We believe that end-user networking software that instruments itself
based on lightweight network measurement and diagnosis can address
many of the above concerns. Such intelligent networking software has
the potential to provide the end user with the ``best of all available
worlds'' experience at all times, while not unduly overloading the
network infrastructure itself with probes. In this project, we propose
to develop the following software as a means to validate and explore
this philosophy -
(i) end-to-end network measurement and diagnostics techniques to
diagnose the causes for certain sub-optimal or even abnormal systems
behaviors, allowing corrective actions to be taken in a timely
fashion, and
(ii) on-line systems control mechanisms that leverage measurement and
diagnostics results to configure/tune systems parameters and determine
policies used in the communication subsystems.
Our intention in this project is to develop software solutions for a
variety of networked applications, without the need to change any part
of the established infrastructure.
Research Agenda
(click here for details)
In this project, we aim to address key technical challenges of
measurement/diagnostics-based systems control. Specifically we will
carry out several innovative research tasks along the following two
synergistic R&D thrusts:
(1) Network measurement and diagnostics.
(2) On-line systems control based on network measurement/diagnostics.
Participants
- Dr. Indy Gupta (Affiliated faculty)
- Srikanth Kandula (Ph.D. student, MIT)
- Dr. Jong-Kwon Lee (Postdoc)
Major Publications
- Jennifer Hou and Indy Gupta,
"Design, implementation, and application of intelligent network
diagnostics software," white paper.
Funding Source
Related Links
- User-mode Linux(UML) kernel:
Instrumenting the networking stack of an UML kernel and
having the application agents run within the UML kernel
is an alternative mechanism for network diagnosis.
- tcpdump:
A popular tool used to echo packet information up to and including
payload content, to standard out or a file. The packet
information is gathered from the local network interfaces
after it has been placed in promiscuous mode.

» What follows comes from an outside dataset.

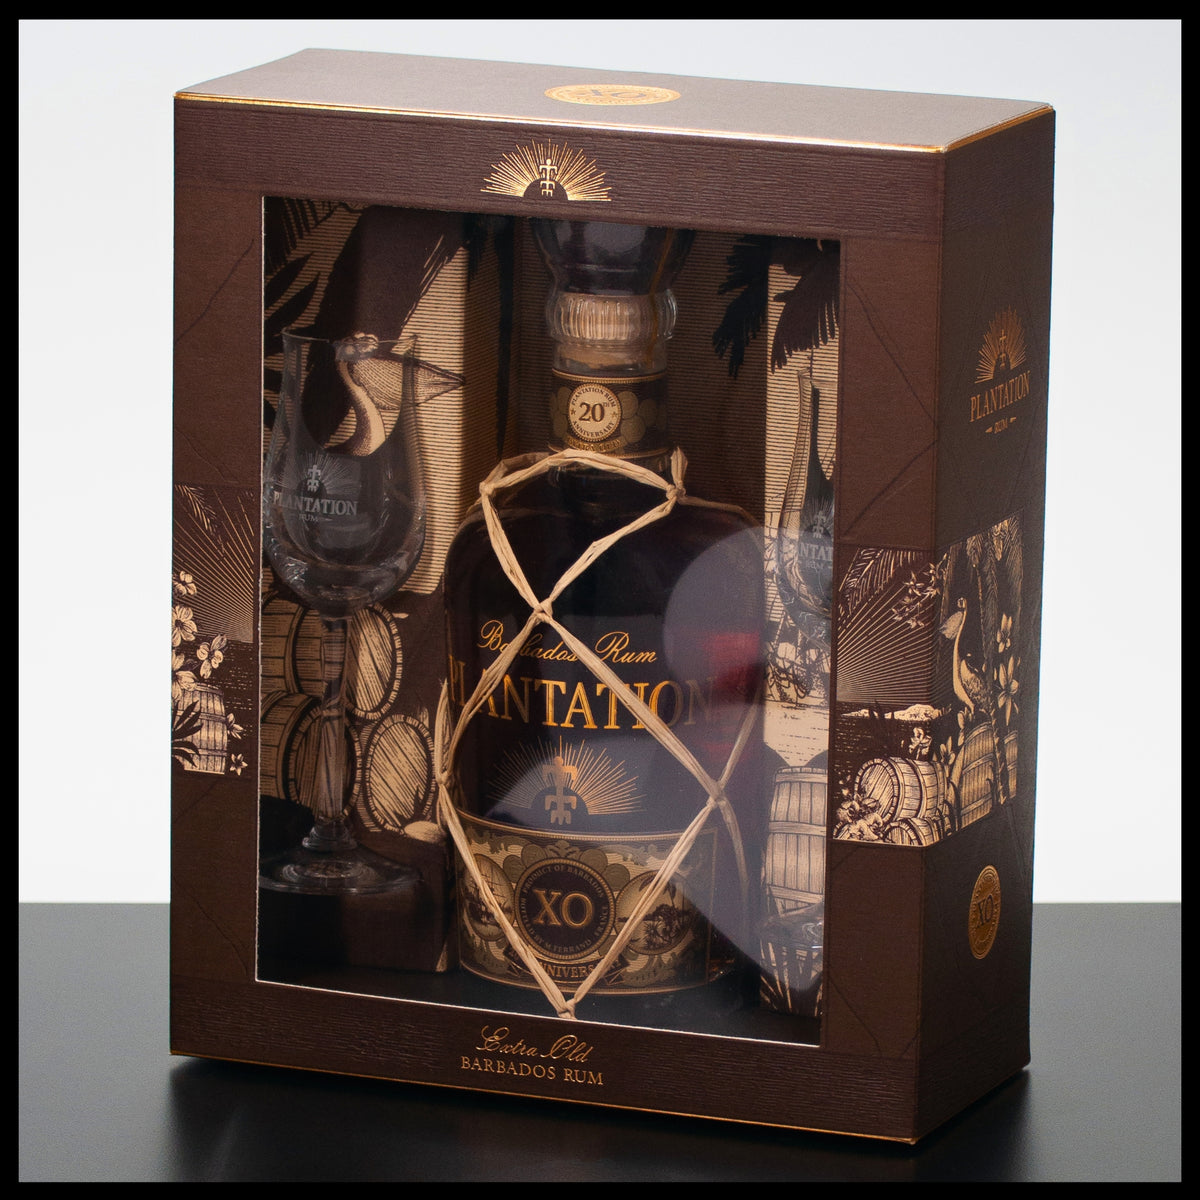 Gläsern der Plantation Rum Geschenkbox mit in XO Trinklusiv Barbados |

Detailed Description of Research Agenda
(1) Network measurement and diagnostics:
To develop an application-level measurement tool that allows direct
access to fine-grained information across the protocol stack, we will
make the bulk of the kernel networking stack available at the user
level in the form of a library, with instrumentation to deliver
notifications about events of interest (Figure 1). The network library will
export an API through which either systems controllers or other
applications can express their interest in events from a predefined set
and provide the corresponding callback functions. Migrating the
networking stack to the user space avoids reliance on a particular
kernel configuration, or the presence of specific kernel support. It
also allows applications to (a) retrieve protocol stack information
(such as the round trip time and its variation, packet loss ratio and
patterns, various timeout values) at any desirable fine
granularity, and to (b) correlate lower-level network events to
application behaviors that triggered them. Although the notion of a
user-space protocol stack is not new, its use in comprehensive
network measurement and diagnostics has not been explored.

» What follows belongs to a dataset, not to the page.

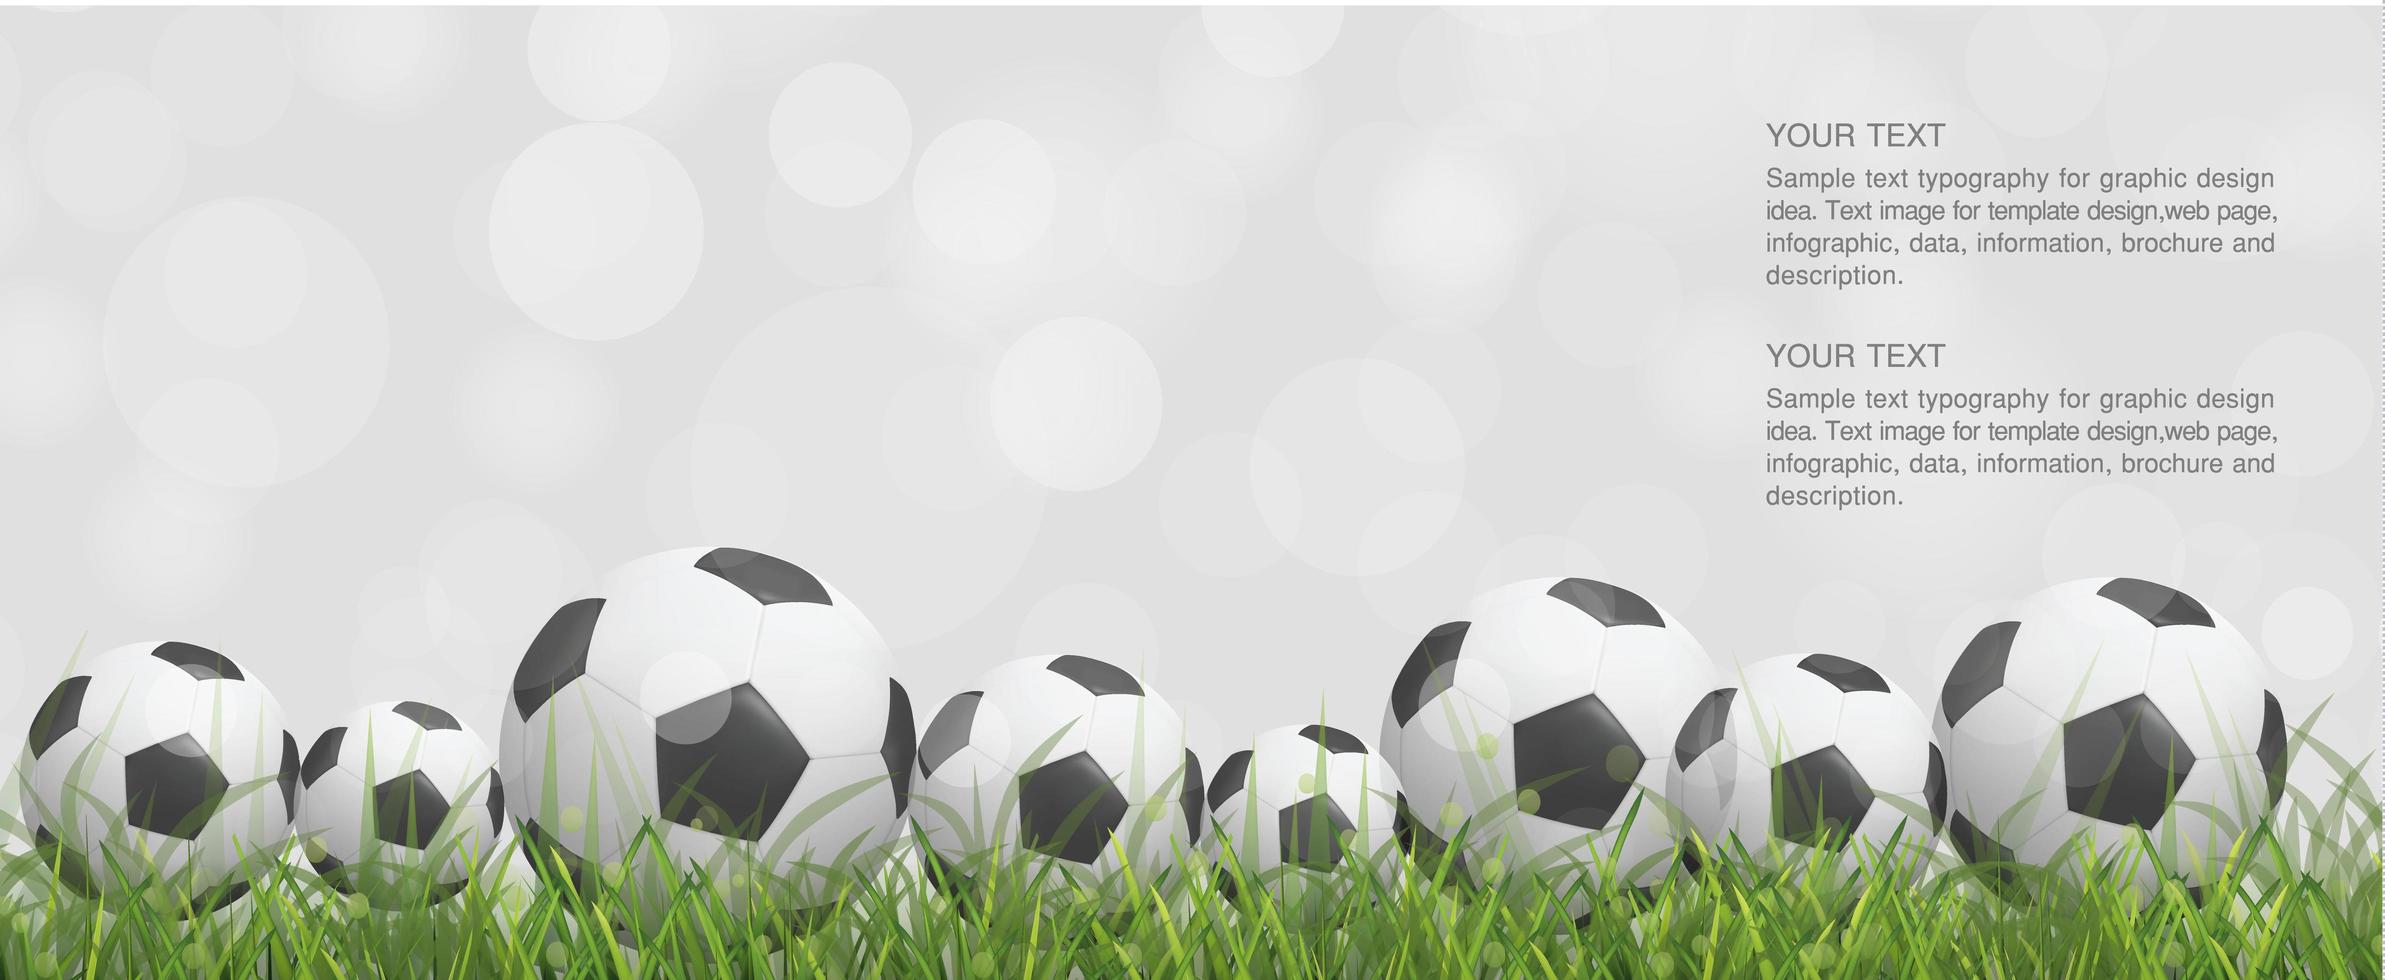 meerdere voetbal of voetballen in gras vector

Figure 1: Architecture diagram of the user-level protocol stack
for network diagnostics.
In conjunction with the development of the network diagnostics
library, we will also devise non-intrusive, light-weight measurement
methods to track several network attributes, such as the available
bandwidth, the amount of cross traffic on an end-to-end path, and
packet loss statistics. These methods will be incorporated, along
with existing traceroute, ping, tcpdump, and pathrate tools, into the
user-space network diagnostics library, in order to provide another
dimension of network information.
With the abundant information available from the network library and
network attributes measured by the end-to-end measurement methods, we
will develop statistics-based strategies for comprehensive network
diagnostics, and will describe the components of an open-source
software system for networked systems diagnostics.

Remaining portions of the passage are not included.